Proliferative response of isolated T cell subsets. Buffy coat samples were sorted based on CD4, CD127, and CD25 expression. 30,000 sorted cells were put into culture with allogeneic anti-CD3–depleted, irradiated, third-party PBMCs as stimulators. T cells were incubated for 7 d at 37°C in 5% CO₂. 16 h before the end of the incubation, 1 μCi ³H-thymidine was added to each well. Plates were harvested and data were analyzed. Data are representative of nine separate experiments.

Figure 7.

Suppression of allogeneic MLR by individual T cell subsets. Buffy coat samples were sorted based on CD4, CD127 and CD25 expression. 30,000 sorted cells were combined with 100,000 autologous PBMCs as responders, and 100,000 allogeneic anti-CD3–depleted, irradiated third-party PBMCs as stimulators.
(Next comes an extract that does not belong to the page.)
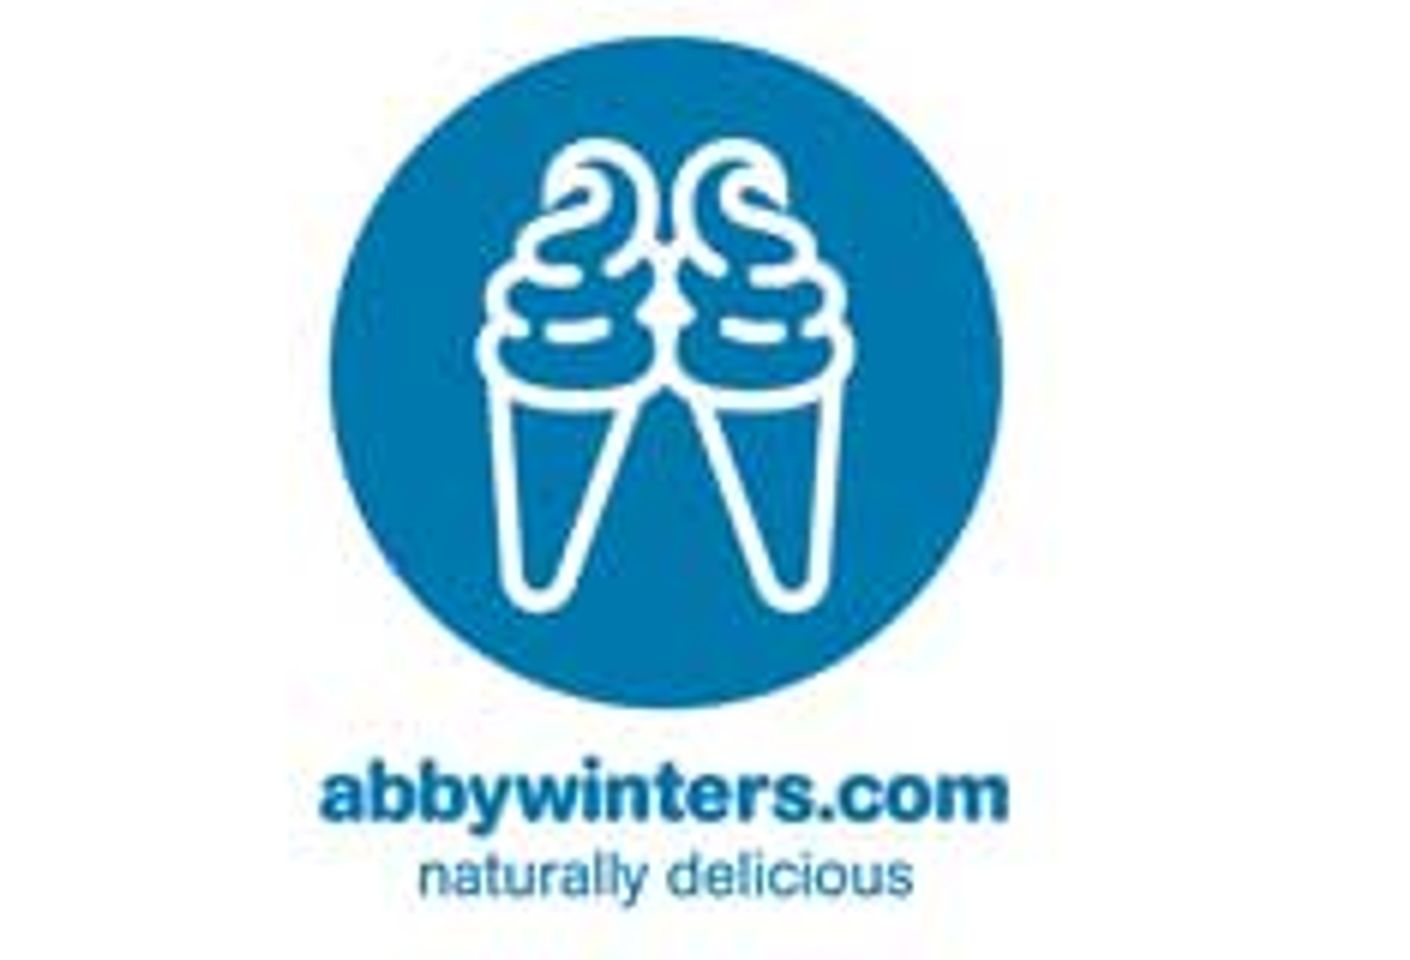 abbywinters.com Gets Raunchy
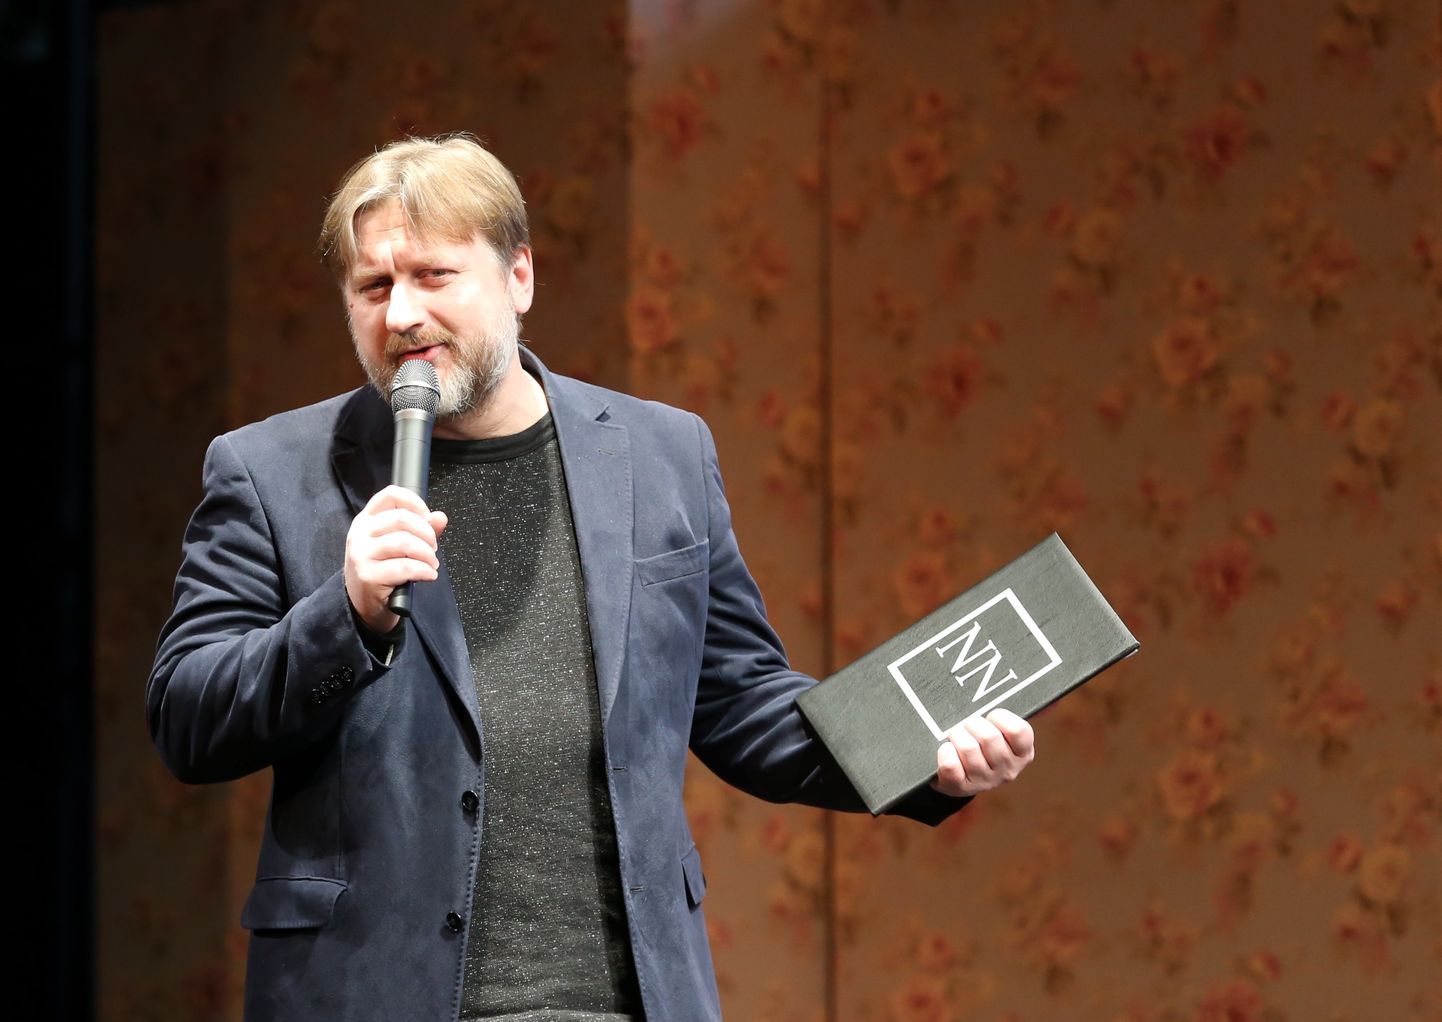 Publicists, portāla "satori.lv" redaktors Ilmārs Šlāpins piedalās kritiķa Normunda Naumaņa vārdā nosauktās Gada balvas mākslas kritikā pasniegšanas ceremonijā Jaunajā Rīgas teātrī.

T cells were incubated for 7 d at 37°C in 5% CO₂. 16 h before the end of the incubation, 1 μCi ³H-thymidine was added to each well. Plates were harvested and data were analyzed. Data representative of nine separate experiments sorting seven different subpopulations of CD4⁺ cells indicated (a) CD127⁺CD25⁺, CD127⁺CD25⁻, CD127^lo/−CD25⁺, CD127^lo/−CD25⁻ and (b) CD127^lo/−, CD25^hi, CD127⁺. 100,000 responders are present in each well with decreasing numbers of sorted cells added at 1:1 ratio (30,000:100,000), 1:1/2 (15,000 sorted cells), 1:1/4 (7,500 sorted cells), 1:1/16 (1,875 sorted cells) in comparison to sorted cells alone. Results are represented as counts per minute (CPM).

Figure 8.

Frequency of various T cell subsets in patients with T1D versus healthy control subjects. (a) FACS data are depicted from two healthy control and two individuals with T1D. Individual histograms are depicted to show the FoxP3 expression in CD4⁺ T cells subdivided into the various CD25 and CD127 subsets. (b) Individual FoxP3 expression data is depicted from total 10 healthy control individuals and 16 patients with T1D. Each symbol represents an individual subject and the narrow bar represents the mean percentage of FoxP3⁺ T cells in various T cell subsets (CD4⁺ T cells gated based on CD25 and/or CD127 expression as indicated at the bottom of the graph).